Diagnosing Thyroid Cancer

If you have symptoms that suggest thyroid cancer, your doctor will help you find out whether they are from cancer or some other cause. Your doctor will ask you about your personal and family medical history. You may have one or more of the following tests:

  • Physical exam: To feel your thyroid for lumps (nodules). Your doctor also checks your neck and nearby lymph nodes for growths or swelling.
  • Blood tests: To check for abnormal levels of thyroid-stimulating hormone (TSH) in the blood. Too much or too little TSH means the thyroid is not working well. If your doctor thinks you may have medullary thyroid cancer, you may be checked for a high level of calcitonin and have other blood tests.
  • Ultrasound: To create a picture and learn the size and shape of each nodule and whether the nodules are solid or filled with fluid. An ultrasound device uses sound waves undetected by people. The device aims sound waves at the thyroid, and a computer creates a picture of the waves that bounce off the thyroid. The picture can show thyroid nodules that are too small to be felt. Nodules that are filled with fluid are usually not cancer. Nodules that are solid may be cancer.
  • Thyroid scan: To view thyroid cells. You swallow a small amount of a radioactive substance, and it travels through the bloodstream. Thyroid cells that absorb the radioactive substance can be seen on a scan. Nodules that take up more of the substance than the thyroid tissue around them are called hot nodules. Hot nodules are usually not cancer. Nodules that take up less substance than the thyroid tissue around them are called cold nodules. Cold nodules may be cancer.
  • Biopsy: To take a sample of tissue that can be viewed under a microscope. A biopsy is the only sure way to diagnose thyroid cancer.

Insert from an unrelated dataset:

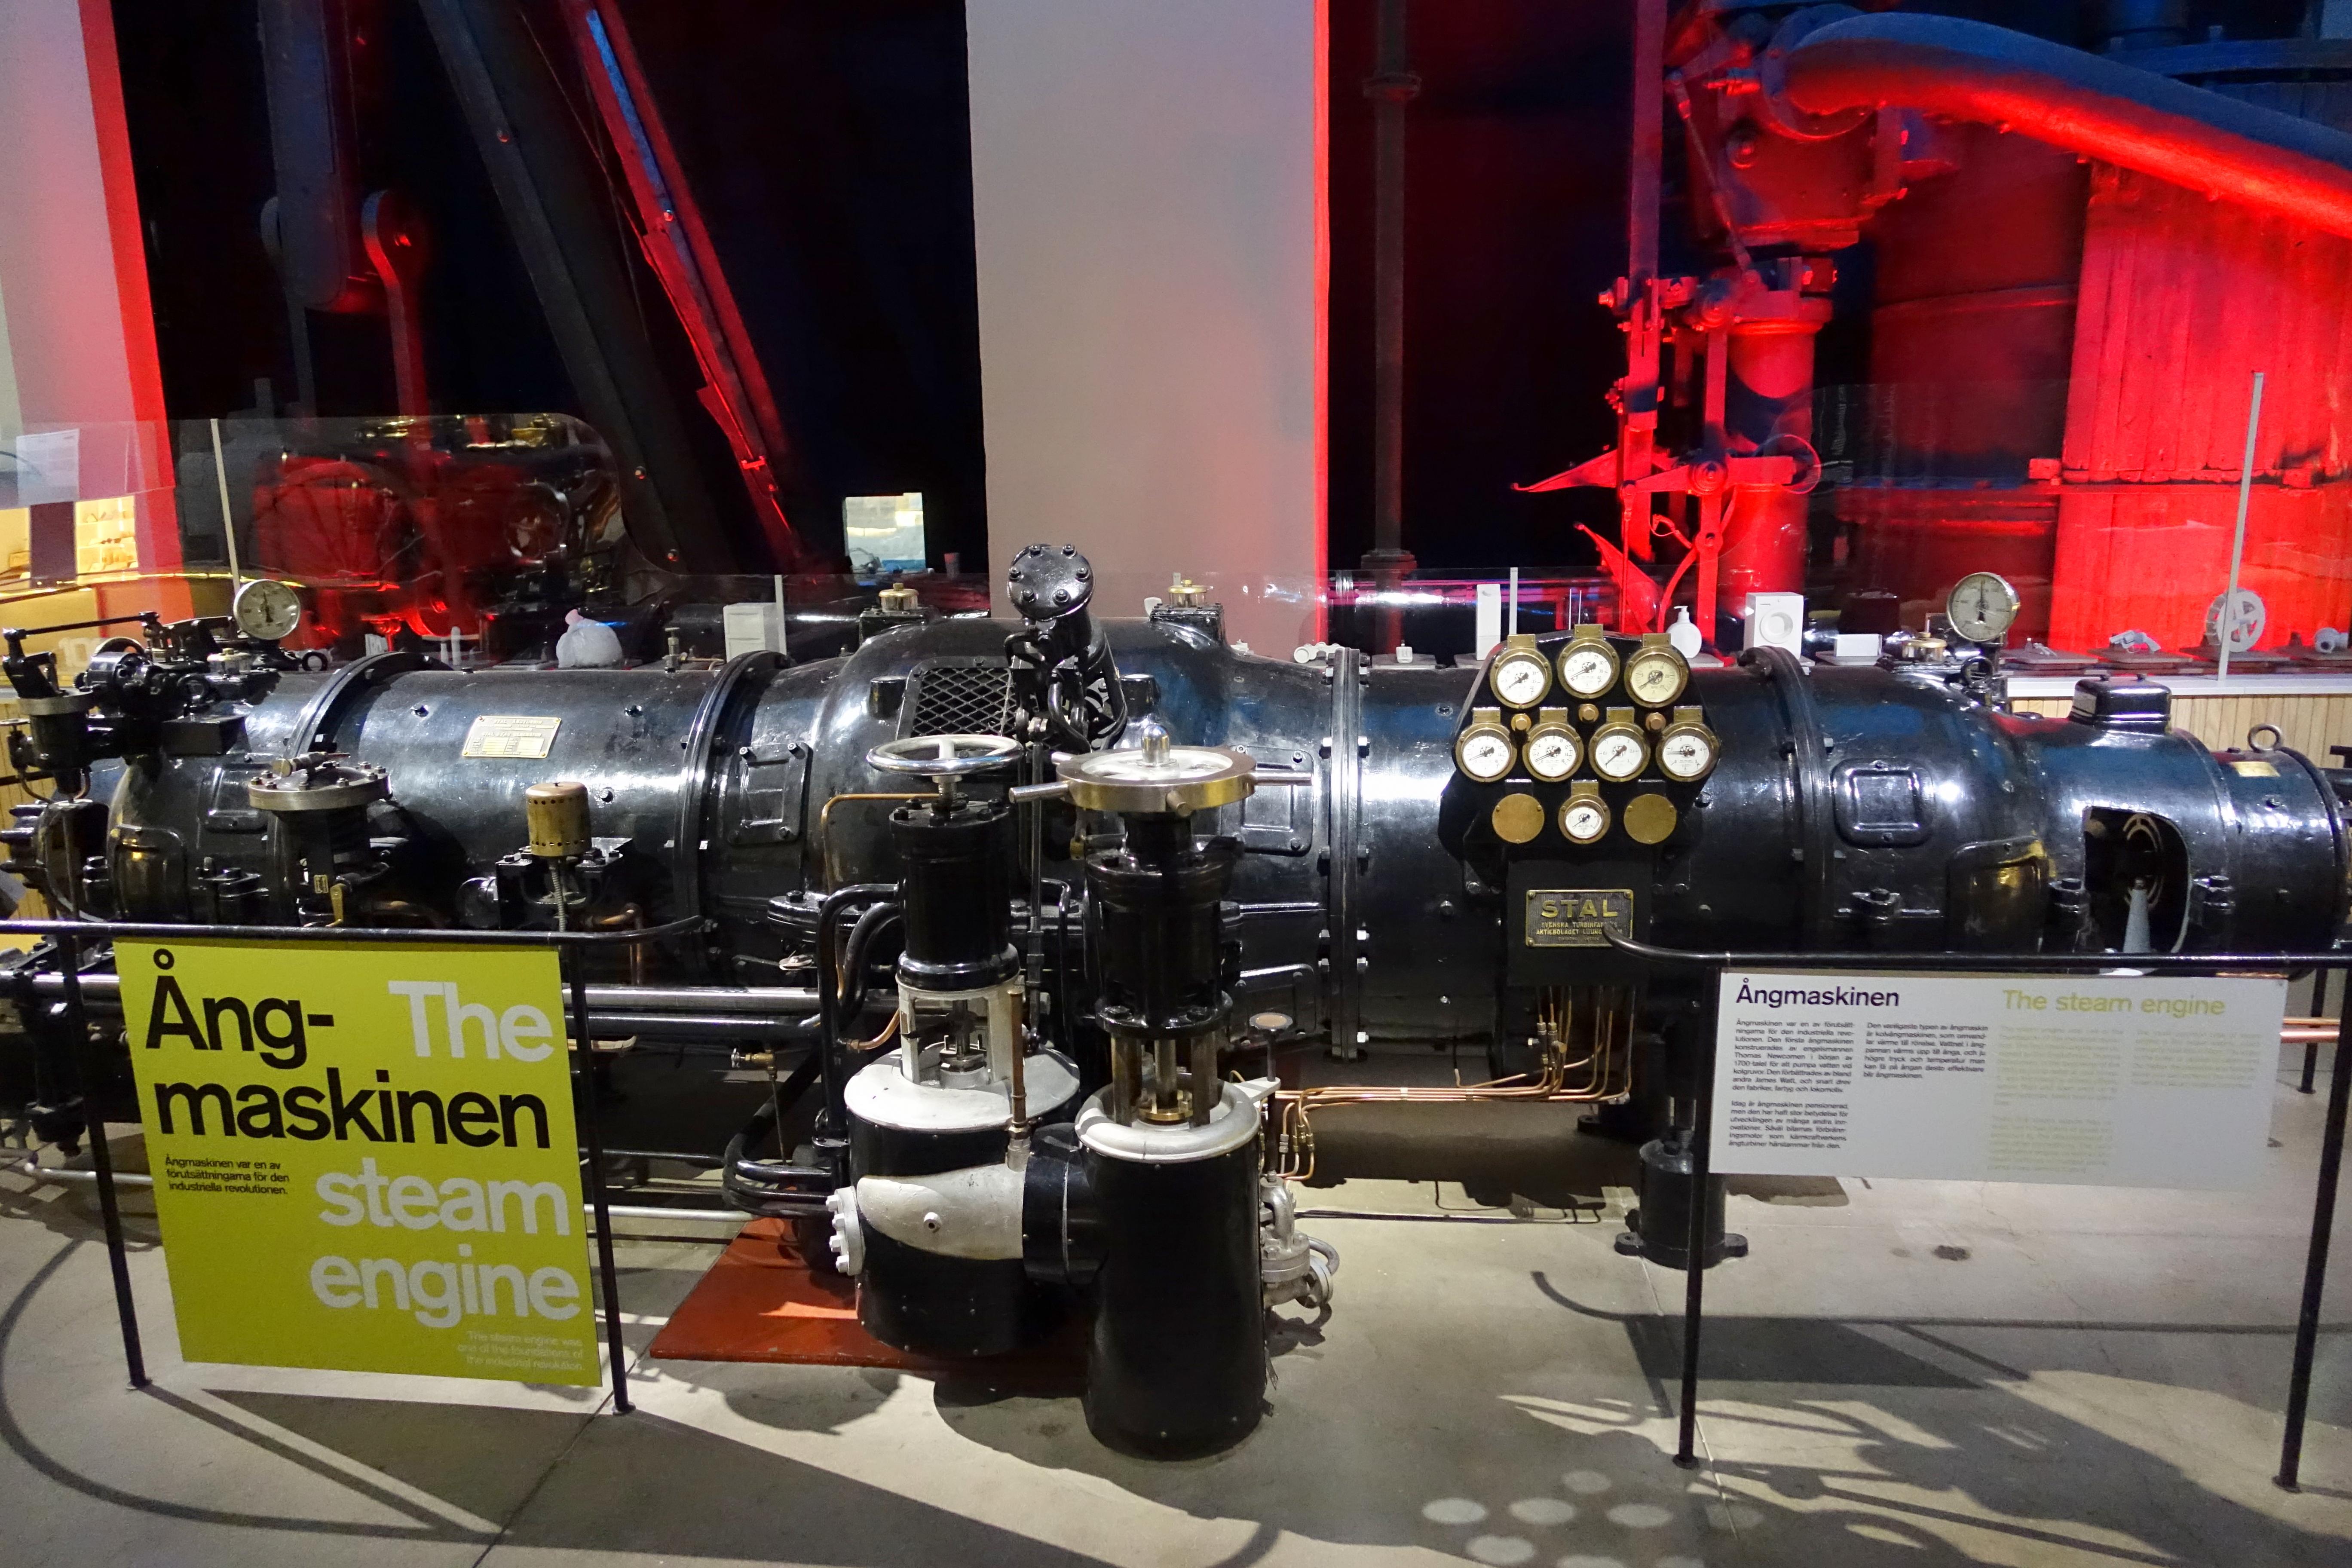 File STAL steam turbine Tekniska museet Stockholm Sweden

Your doctor may take tissue for a biopsy in one of two ways:

  • Fine-needle aspiration: Most people have this type of biopsy. Your doctor removes a sample of tissue from a thyroid nodule with a thin needle. An ultrasound device can help your doctor see where to place the needle.
  • Surgical biopsy: If a diagnosis cannot be made from fine-needle aspiration, a surgeon removes the whole nodule during an operation. If the doctor suspects follicular thyroid cancer, surgical biopsy may be needed for diagnosis.